As a spell, variable talent has a unique duration. While the ability has an 'instantaneous' duration, its effects are continuous. Its wielder need not maintain variable talent to keep what they have acquired in this fashion, leaving only when variable talent is reused to acquire a new skill.

Vocal Control
Type: Eclecticism Spell
Duration: 1d10 turns + maintenance, if desired
Cost: 1 point per rank

While many characters can easily manipulate their voice to some extent, altering its pitch or sometimes producing a relatively accurate impersonation of someone else, the power of voice control enhances this ability to a super human degree. This allows the character with vocal control to engage in all manner of feats with their voice that are seemingly impossible - or that usually require a lifetime of training.

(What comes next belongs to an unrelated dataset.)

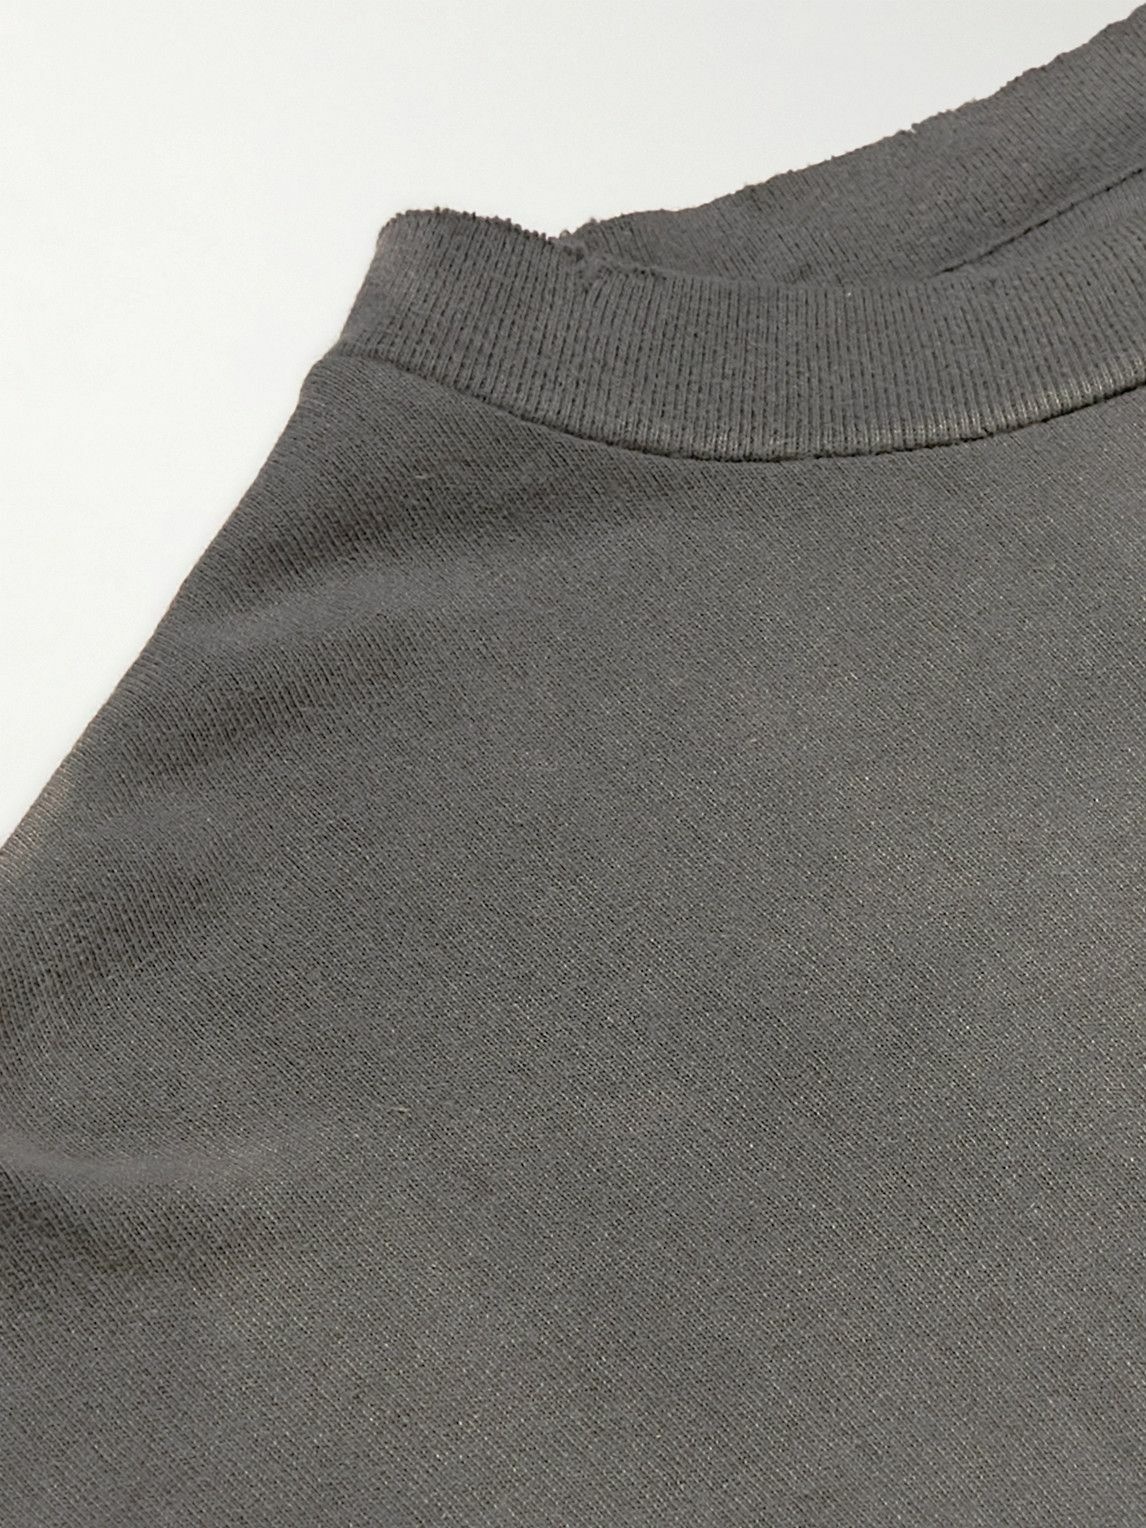 SAINT Mxxxxxx - Vlone Printed Cotton-Jersey T-Shirt - Gray

The simplest trick one can produce with vocal control is audio mimicry. A mere green power FEAT roll allows a character with vocal control to precisely reproduce any sound they have ever heard. The best sources of sound to mimic are live, as recordings invariably introduce some manner of distortion to the sound. However, most human ears cannot discern such in digital copies of sufficient quality.

Instead of just reproducing sounds one has heard previously, vocal control can also simulate similar noises. This derivative use of vocal control can create original sonic events, which is a great way to speak in someone else's voice if they haven't uttered the precise words one wants them to say. Others are allowed an Intuition (alt) FEAT, opposed by the vocal control power rank, to see through such a ruse.

Another valid use of vocal control is the fine art of speech throwing. By subtly altering the output of their vocal chords, characters with this power can create the illusion that sounds issuing forth from them are, in fact, coming from elsewhere. This use of vocal control also allows an Intuition (alt) FEAT to detect such a ruse, but can be used anywhere within Very Near distance of its wielder.

It's important to note that while a character with vocal control can produce all manner of sounds, they are still limited in the overall volume of such that they can produce. Without additional powers (such as sound generation), a vocal controller cannot produce inherently damaging noise; imitating the sonic attacks (or whatever) of another character will simply produce their racket at a non-damaging level.